30/4/1917 Bloody April: the red skies above Arras

The failure of Nivelle’s offensive in the Chemin des Dames and the unrest emerging in the French army has put the spotlight back on the British. Haig‘s men are continuing their offensive at Arras, now the main Allied effort on the Western Front, for all that it was originally meant to be just a diversion for the French. British troops (and their allies from Canada, Australia and other Commonwealth countries) continue to struggle with the enemy, but there is no repeat of the spectacular successes of the first day.

The British have deployed a large number of aircraft to the Arras battle. Aerial observation is vital for ensuring accurate artillery targeting of German positions. To disrupt the British observers, the Germans have deployed a large number of their own fighters to the battle, including star pilots like Richthofen, the Red Baron. German aircraft still outclass the aeroplanes of their enemies, so the result is a one-sided battle.
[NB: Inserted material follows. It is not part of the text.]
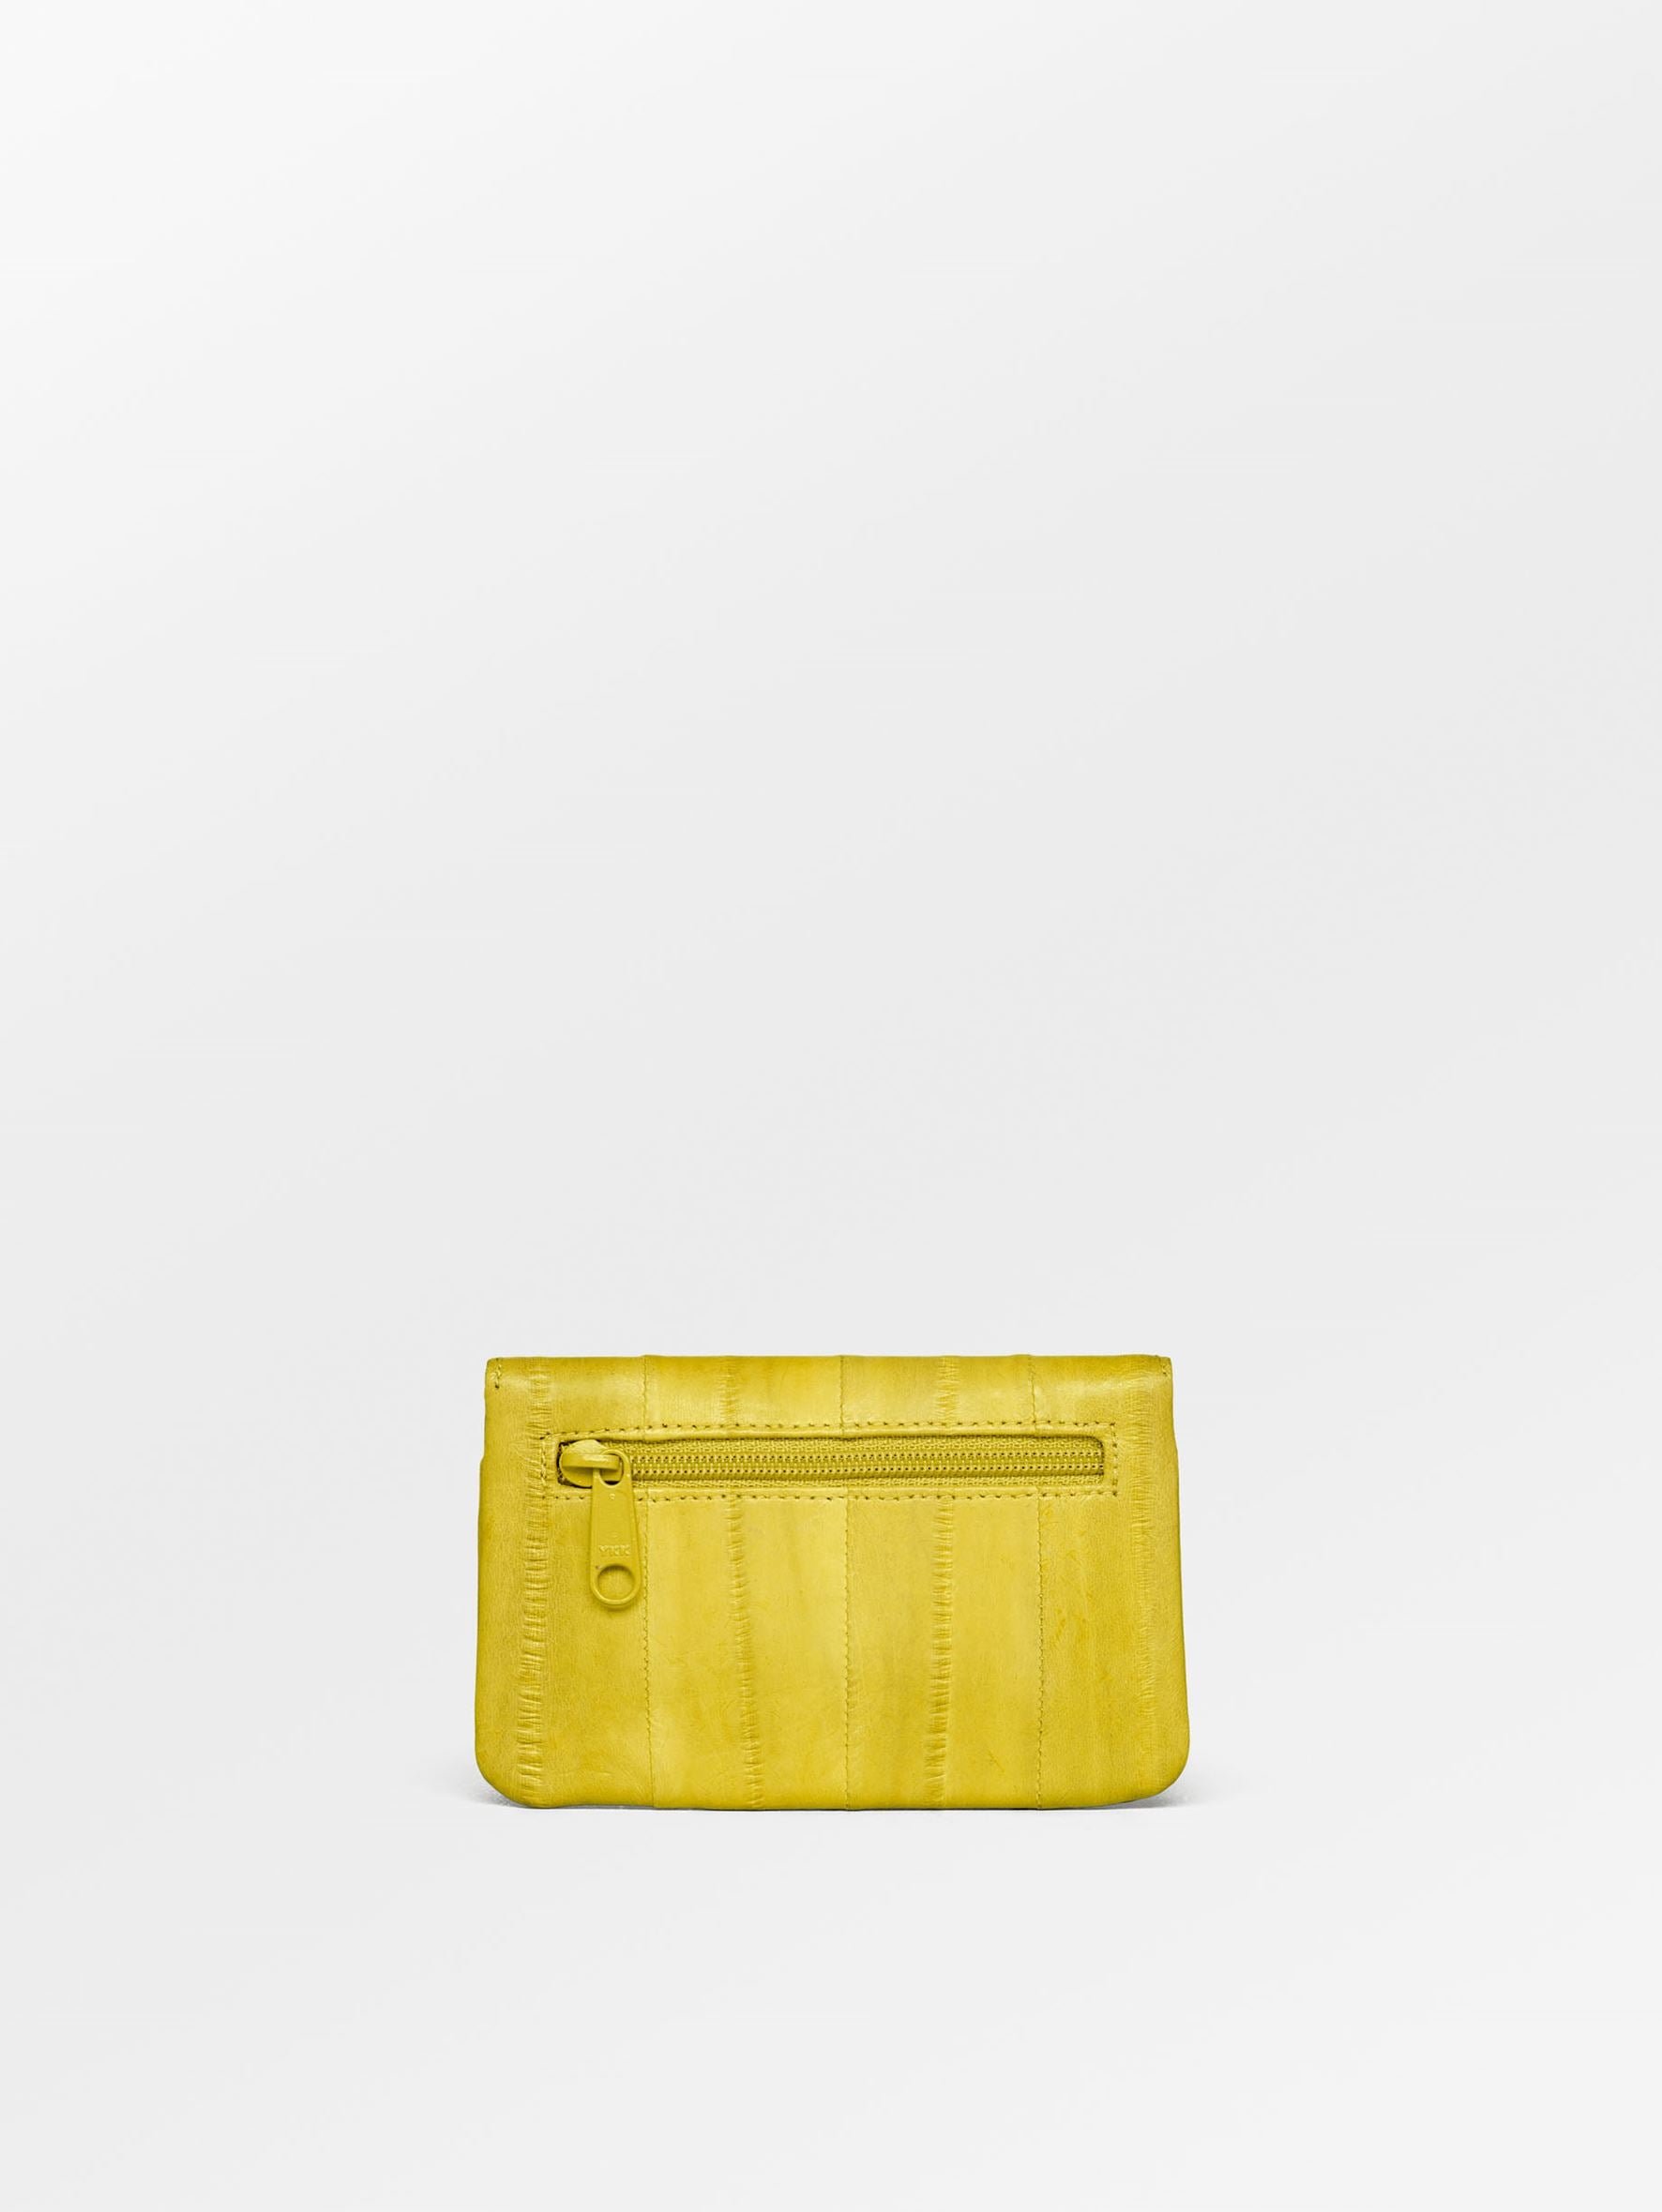 Becksöndergaard, Handy Purse - Yellow, accessories, sale, sale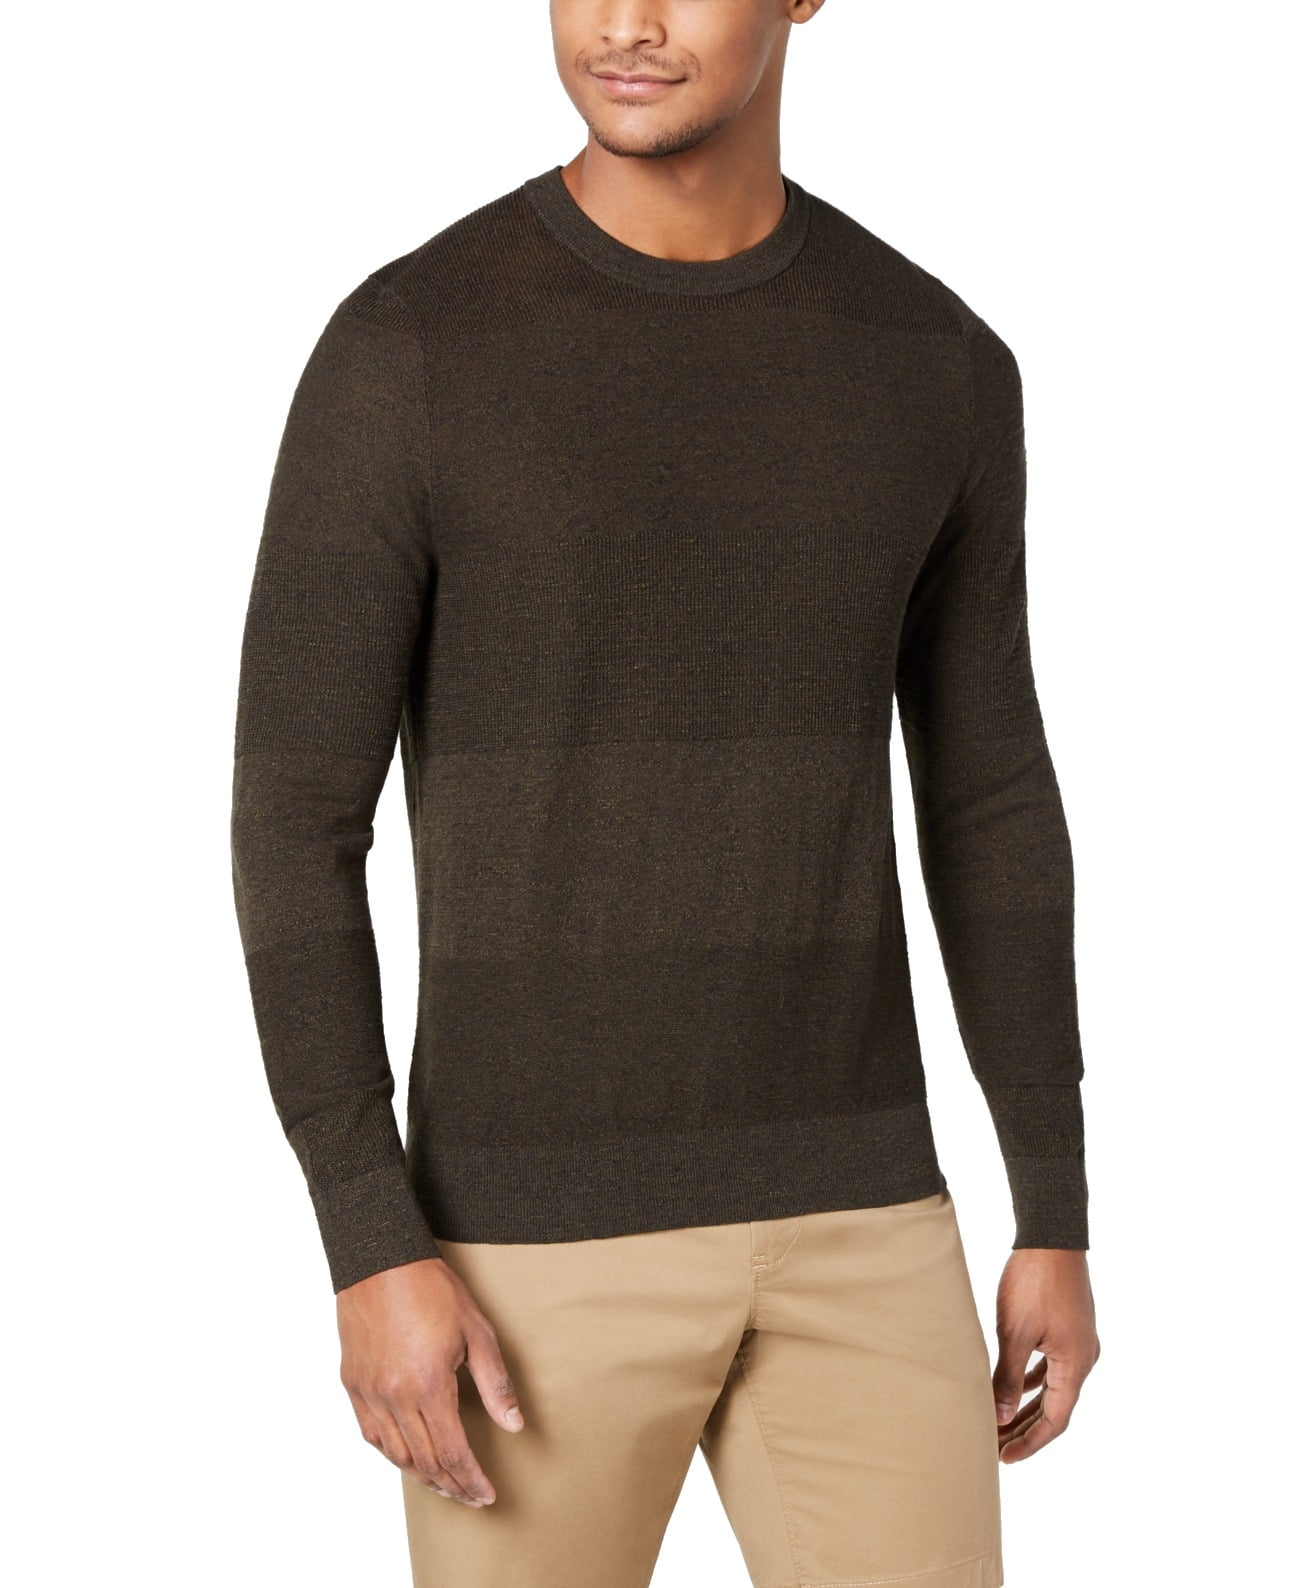 Michael Kors - Mens Sweater Olive Crewneck Ribbed-Trim XL - Walmart.com ...

Over the last month the British have lost 275 aircraft in the battle. 50% of their air crews have been casualties. Richthofen’s squadron shoots down some 89 of the Allied aircraft, with the Red Baron alone bringing down some 21 aircraft. The life expectancy of a newly deployed British airman drops to just 11 days.

German losses are not inconsiderable, with some 66 of their aircraft brought down. And despite German successes, the sheer number of British aeroplanes deployed to Arras means that they continue to be able to supply the artillery with accurate information on German ground deployments.